One evening, in the middle of the third week of their affliction, as he and neighbour Robins were trudging home together through the perplexing obscurity of a grey November fog, the latter said—
"Couldn't we get a rabbit or two, Tummas? They'd make a nice pot for the young ones, poor things; better nor barley gruel, any way."
"I don't mind," said Thomas, in an indifferent tone. "But where can we come at 'em?"
"Oh, there's a warren up in Squire Greenaway's fir coppice to the left here, just off the Banbury road. We[57] can beat it in five minutes. Come on," he added, seizing Thomas's arm.
"All right, let's have some o' the wermin," his friend answered, and presently they turned off the road, making for the coppice.
"You keep up by the fence here, and you'll strike the edge of the wood in no time," said Robins. "The burrows lie mostly along to the right. Crouch down by the holes and be ready. I'll walk round the field and drive the bunnies in. There's sure to be lots feedin' to-night in old Claypole's turmuts."

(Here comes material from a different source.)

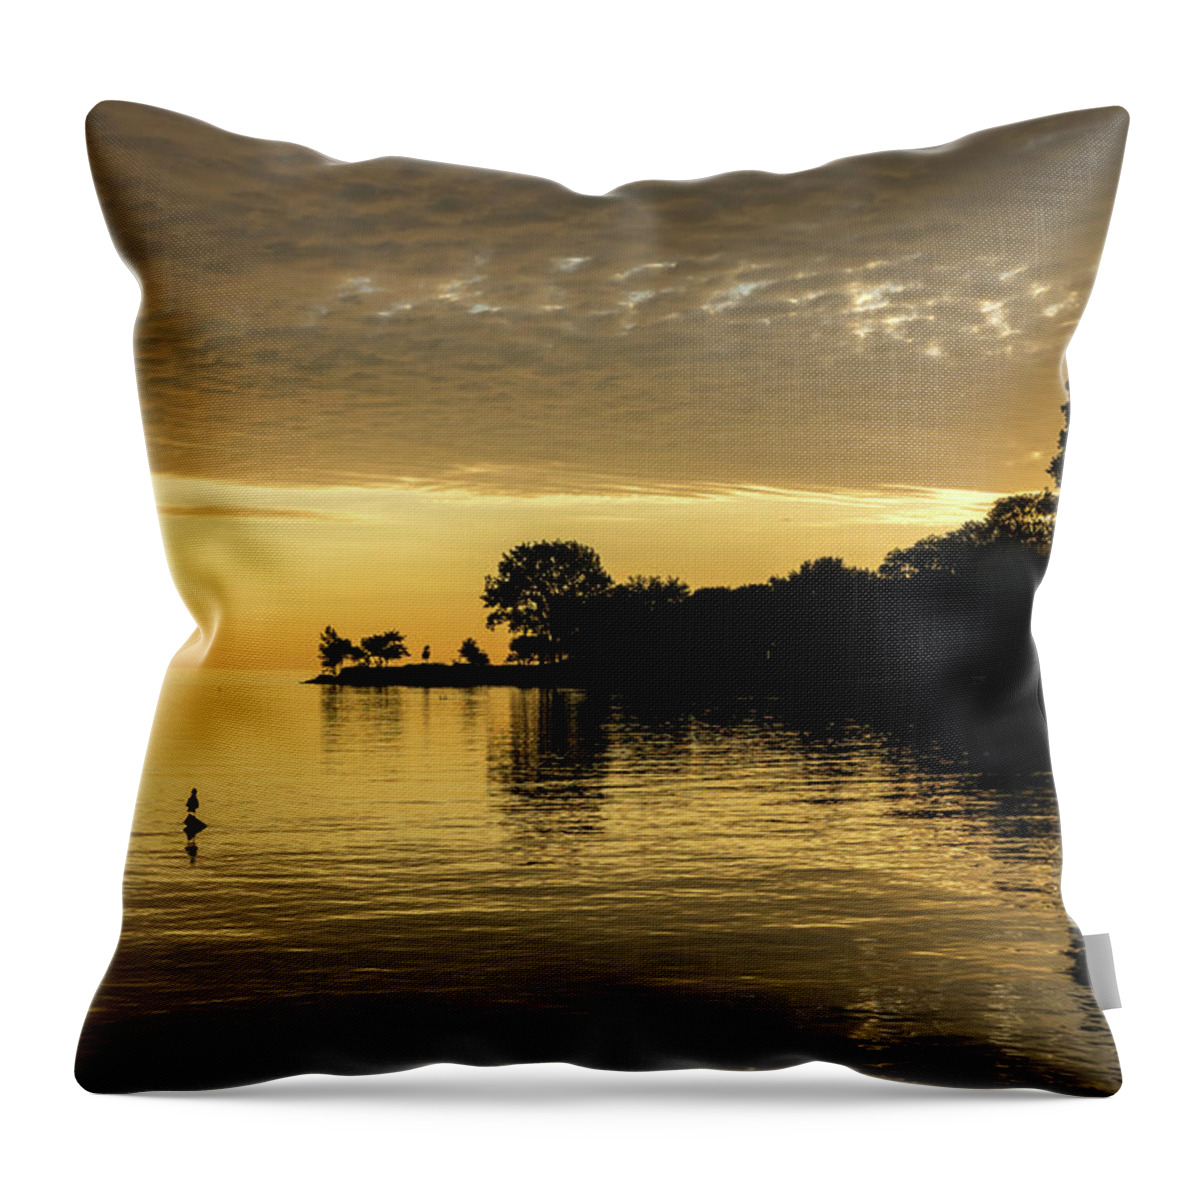 One Seagull Throw Pillow featuring the photograph One Seagull - Lake Ontario Sunrise in Lustrous Gold by Georgia Mizuleva

Thomas obeyed, and the two at once lost sight of each other. Robins, it is to be feared, had often helped himself to a rabbit before now, here and elsewhere, but by some chance Thomas had never yet been a regular poacher. He could not say why, for certainly he had no respect for the game laws. Such, however, was the fact, and he said a queer kind of feeling came over him when he found himself alone, and realised the errand he was upon. But his mind was in tone to be tempted now, and he never thought of turning back. There was, indeed, little time to think of it, for he was among the rabbit-holes in a minute, and choosing a handy bush where the holes were thick he knelt down, grasped his stick and waited. Presently he heard a low whistle from the field below, but quite near, and almost as it reached his ears rabbits by the dozen came hopping up cautiously, and with frequent pauses of watchfulness. The foremost caught sight of Thomas and scudded to the left, whither the whole troop might have followed had not Robins at that instant[58] rushed up and sent a batch of the scared creatures right amongst Thomas's feet. Ere they could get under ground he managed to knock over three, and Robins himself maimed but did not succeed in catching a fourth. Two of the three knocked over were not quite dead, but Robins at once finished them, and as he did so, said:—
"Look here Tummas, you takes the two big uns. You're more in need o' 'em than me," and as he would take no denial the spoil was so divided.
Thomas thanked his friend, and stowing the rabbits inside their coats as best they could, the two carefully made their way out of the coppice, and again took the road for home.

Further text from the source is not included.